Posted: Fri Apr 03, 2020 9:30 am
by jimh
GIven that 1-cm3 of water weighs 1-gram:

How much does 1-foot3 of water weigh?

ANSWER = 62.43-lbs

Derivation:
(1-gram/1-cm3) × (2.54-cm/1-inch)3 × (12-inch/1-foot)3 × (1-kg/103gram) × (2.2046-lbs/1-kg) = 62.427-lbs/feet3

Re: Weight of water

Posted: Fri Apr 03, 2020 10:10 am
by fno
Fresh water or salt water, Jimh? Actually it's fresh. Saltwater averages 64.1 lbs/cubic foot. That is why many Boston Whalers sit higher in salt water than fresh. Imagine the waterline of a Boston Whaler sitting in the Dead Sea which averages 77.4 lbs/ cubic foot.
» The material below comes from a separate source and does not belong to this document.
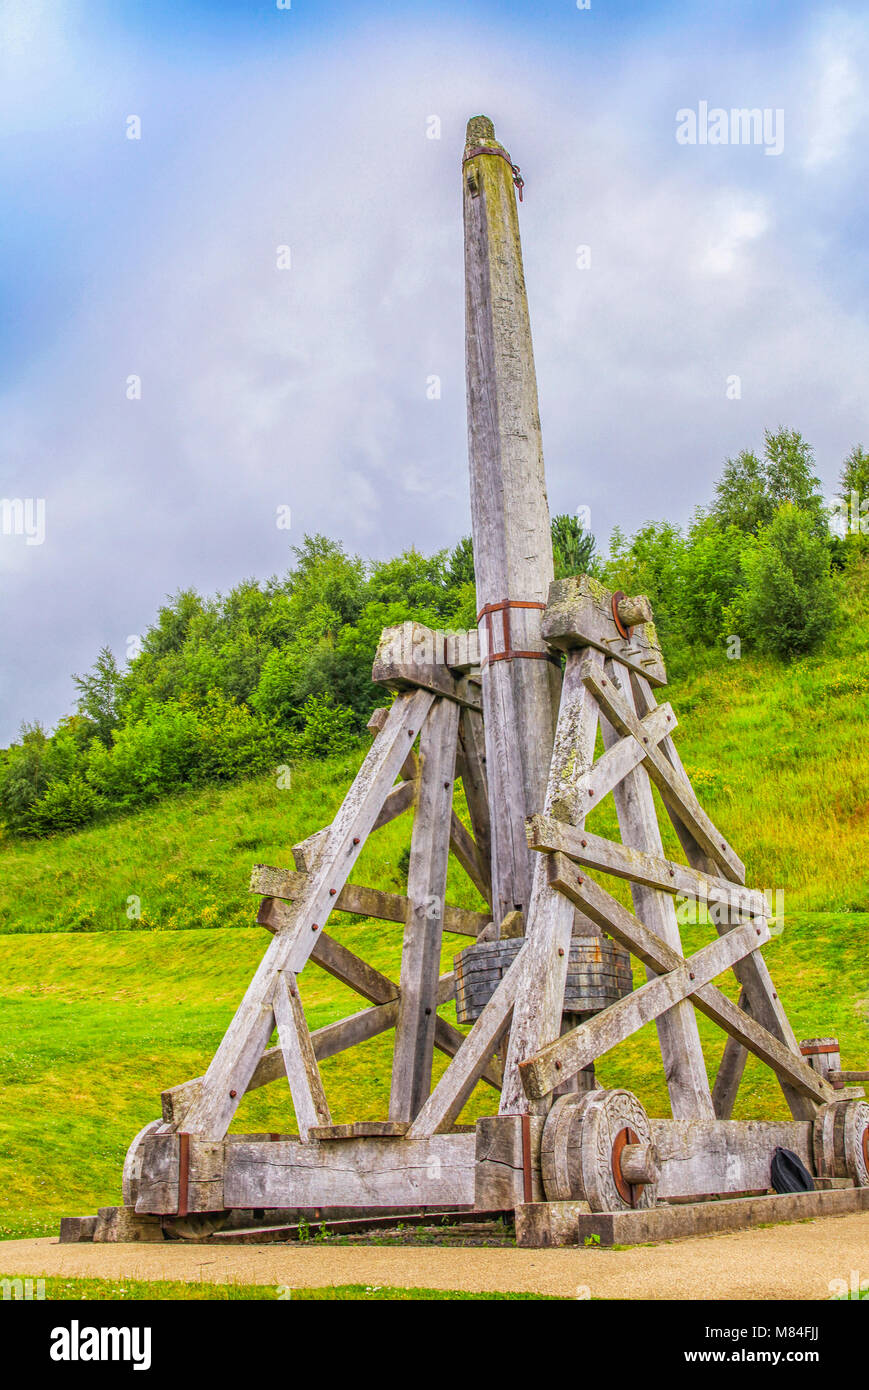 Replica of a medieval wooden catapult in Scotland Stock Photo
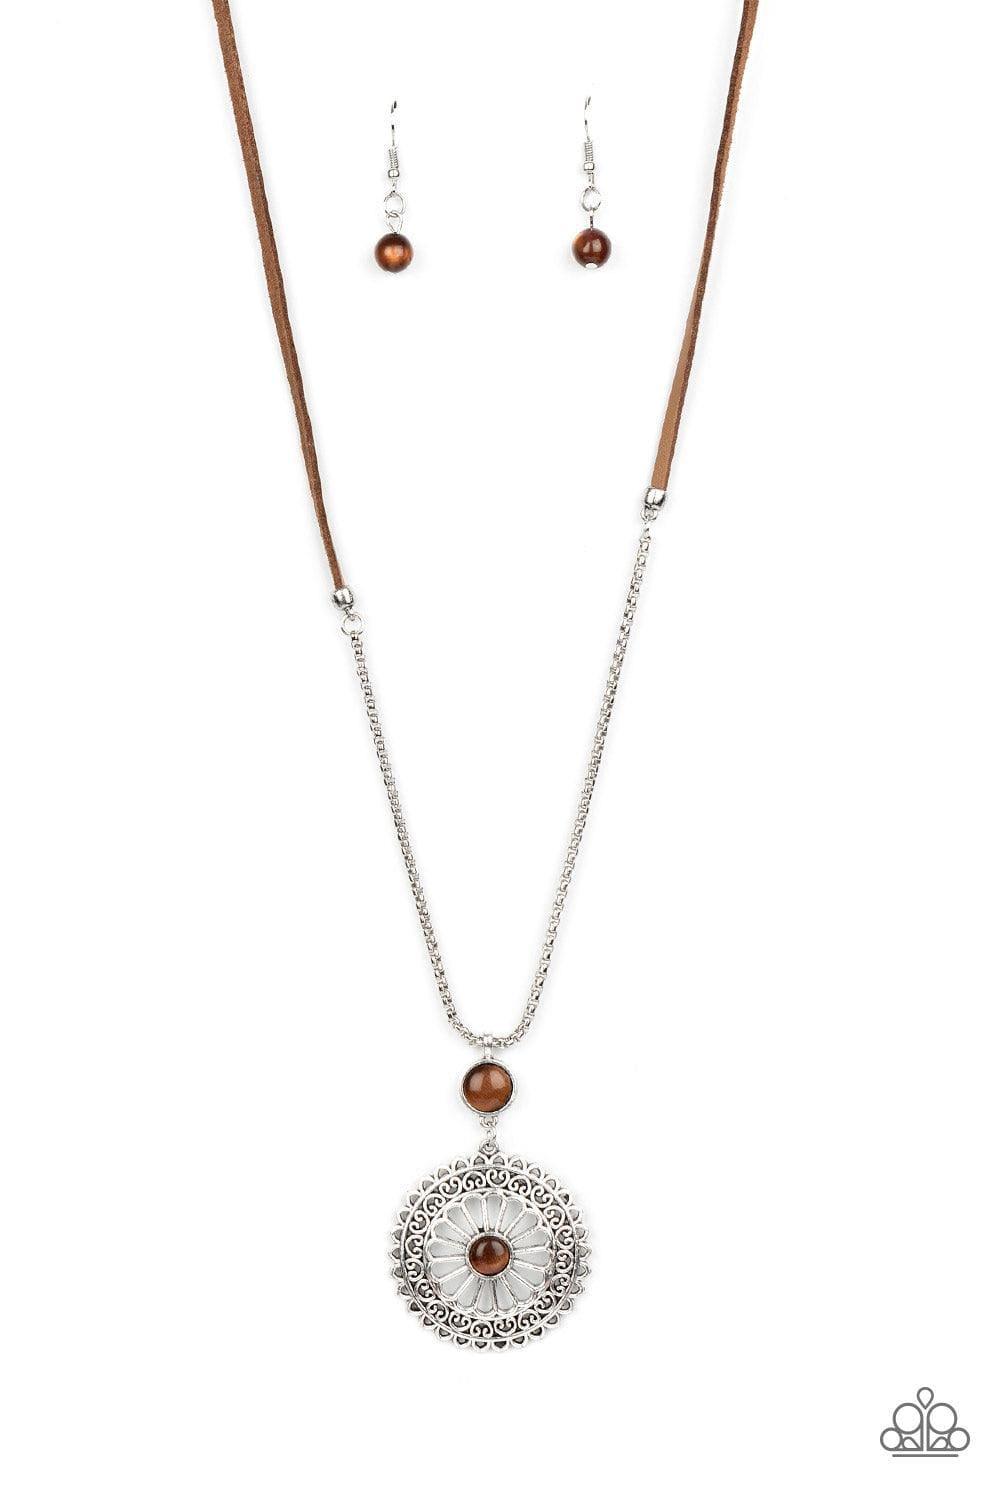 Paparazzi Accessories - Where No Mandala Has Gone Before - Brown Necklace - Bling by JessieK

Aside: These facts are some of the important information that is eventually drilled into scuba divers heads after they spend countless $$ on furthering their diving education.

Re: Weight of water

Posted: Fri Apr 03, 2020 10:14 am
by Tacky79
A couple of conversions that I somehow remember, but come in handy:

1 ft3 = 7.48 gallons
120,000 gallons of water = 1,000,000 lbs of water
128 ounces in a gallon
454 grams in one pound

I taught my kids how to do unit conversions using the train track or monorail method, and it's really handy to know this, as you really don't need formulas anymore.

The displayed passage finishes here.